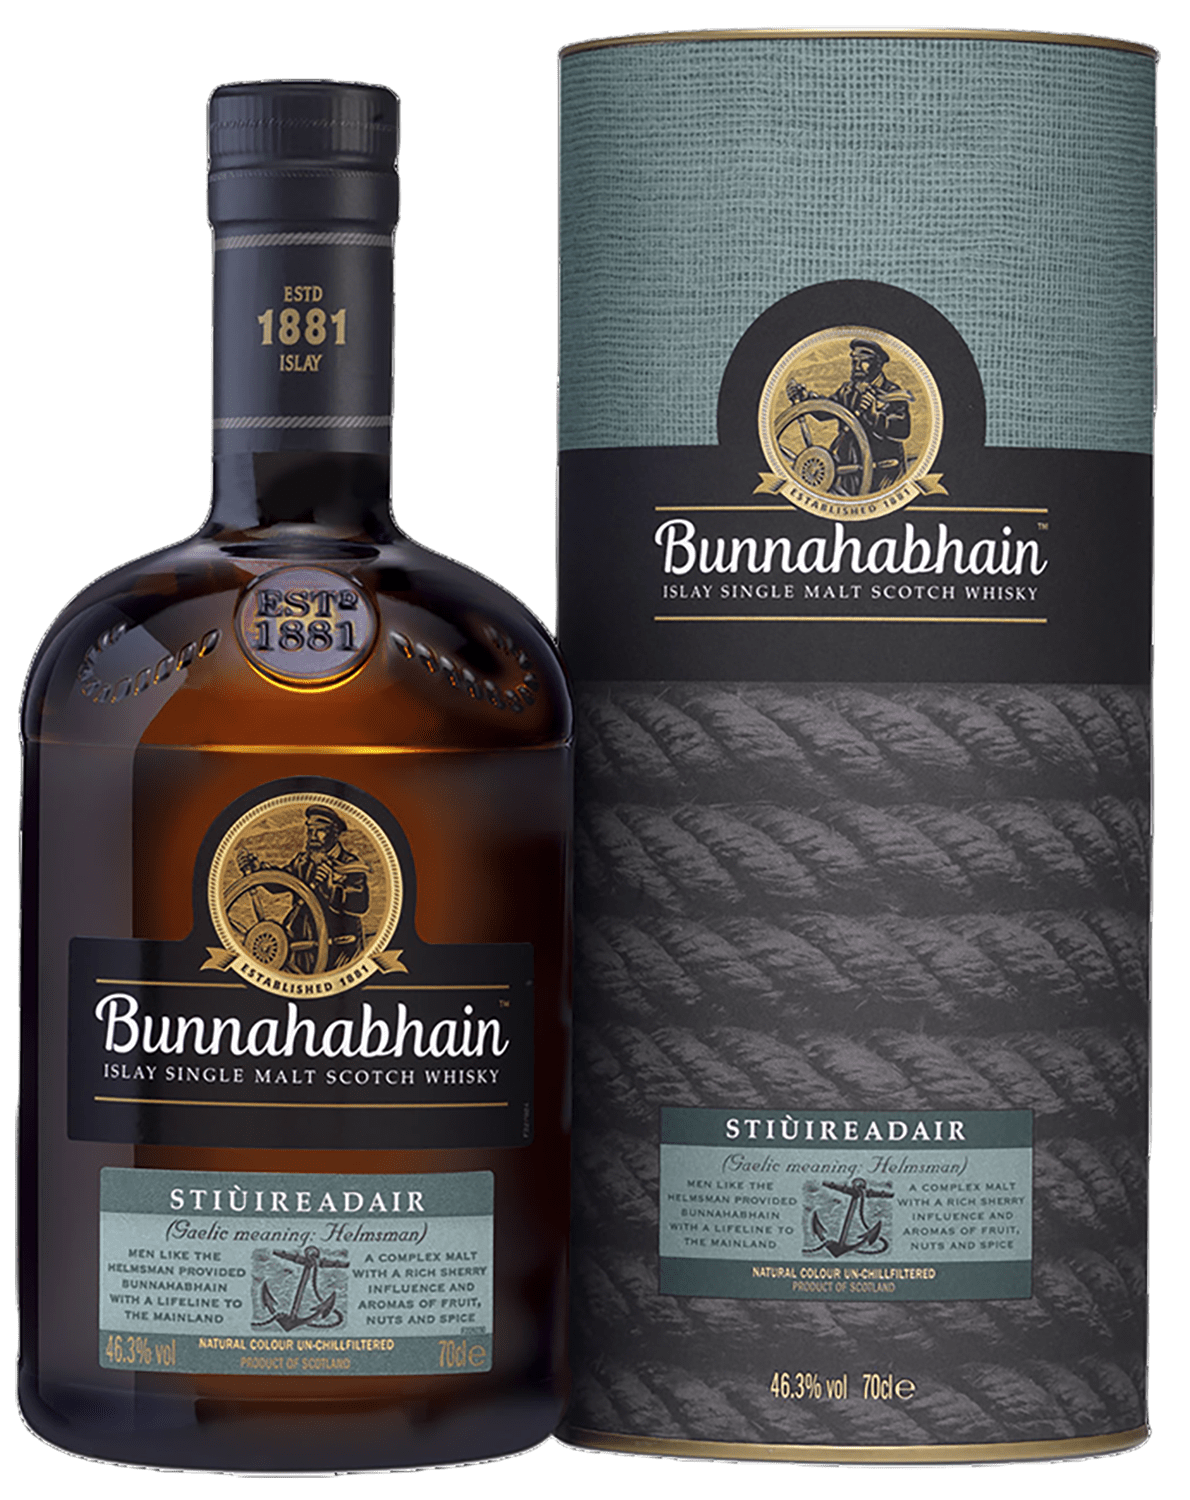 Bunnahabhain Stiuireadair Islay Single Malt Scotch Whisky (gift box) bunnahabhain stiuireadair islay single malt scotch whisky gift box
...
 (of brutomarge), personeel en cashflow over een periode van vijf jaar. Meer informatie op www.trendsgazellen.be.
---
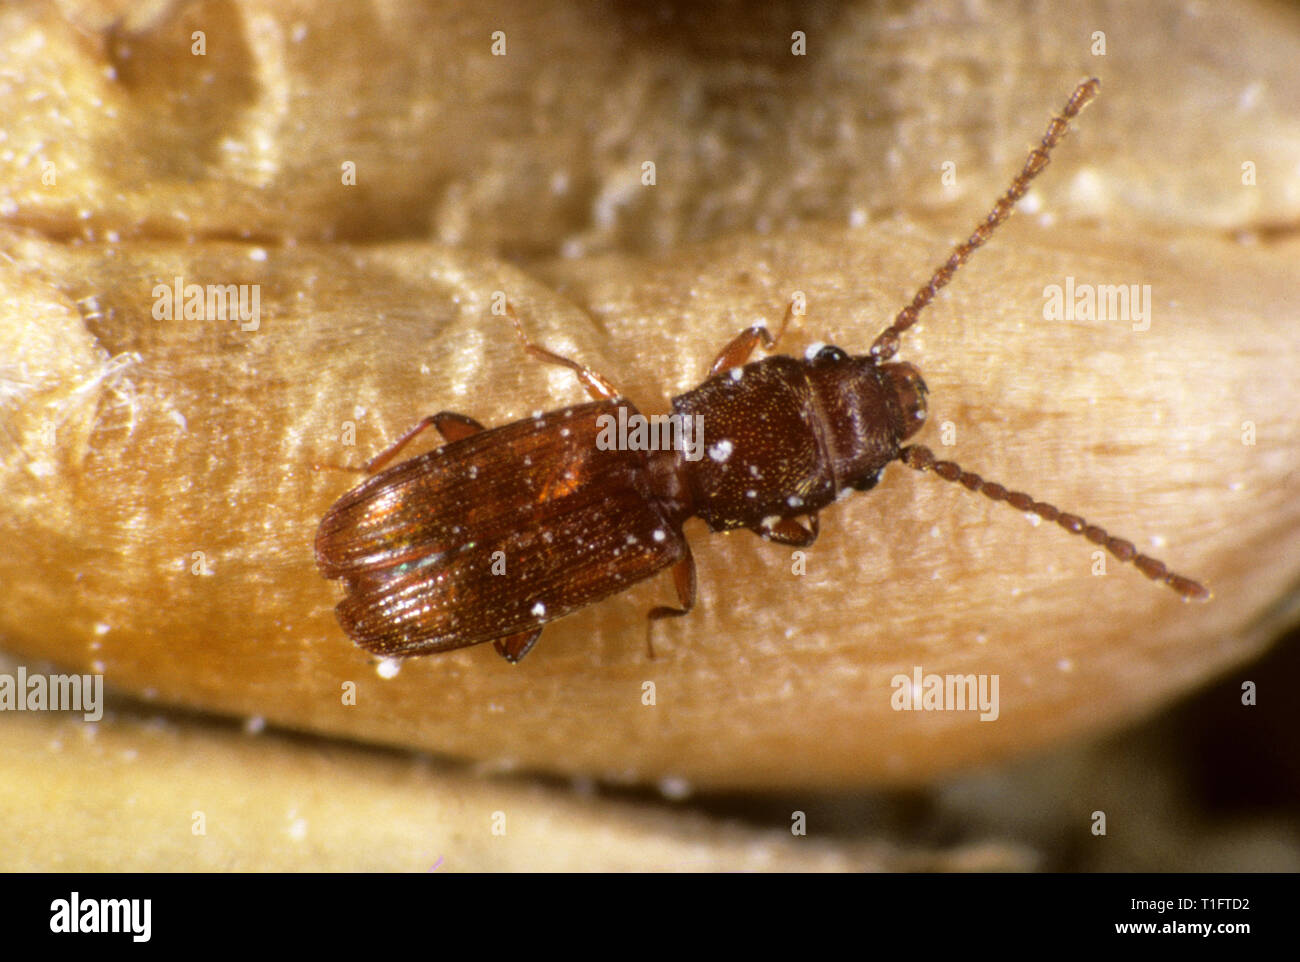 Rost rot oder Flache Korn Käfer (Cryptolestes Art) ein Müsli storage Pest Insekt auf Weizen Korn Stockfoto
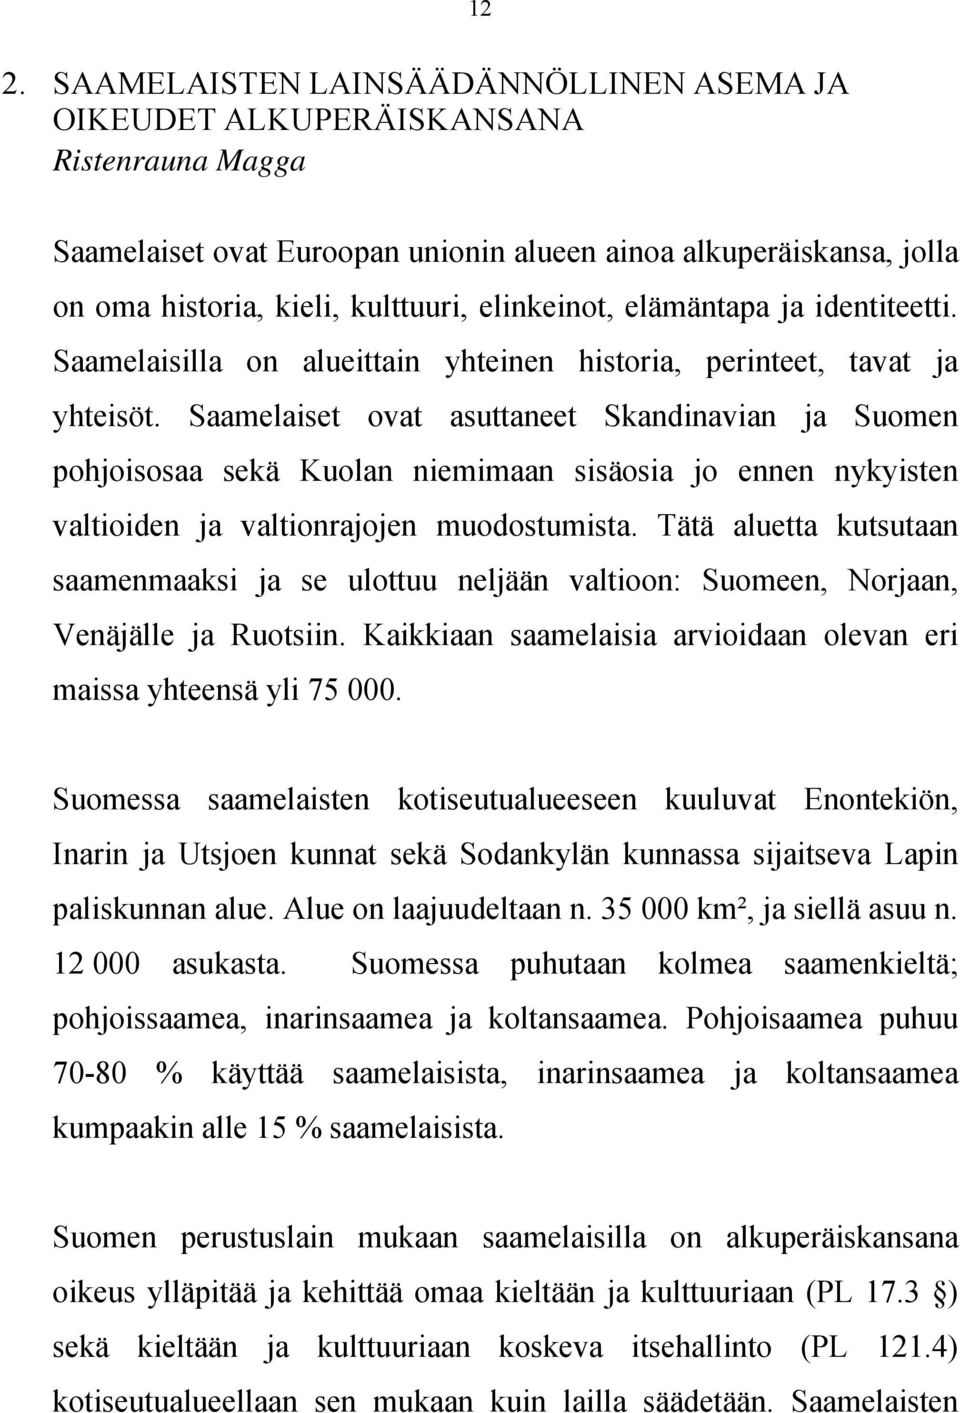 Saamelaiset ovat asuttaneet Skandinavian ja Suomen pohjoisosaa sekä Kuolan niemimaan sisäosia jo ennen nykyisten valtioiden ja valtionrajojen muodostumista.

- _Exercise goal_
Only one part of the listing is wanted: the lines from the one containing "Rost rot oder" through the one containing "Saamelaiset ovat asuttaneet", both included. Please transcribe it exactly, leaving out the pictures.

- _Solution to this exercise_
 Rost rot oder Flache Korn Käfer (Cryptolestes Art) ein Müsli storage Pest Insekt auf Weizen Korn Stockfoto
 Saamelaiset ovat asuttaneet Skandinavian ja Suomen pohjoisosaa sekä Kuolan niemimaan sisäosia jo ennen nykyisten valtioiden ja valtionrajojen muodostumista.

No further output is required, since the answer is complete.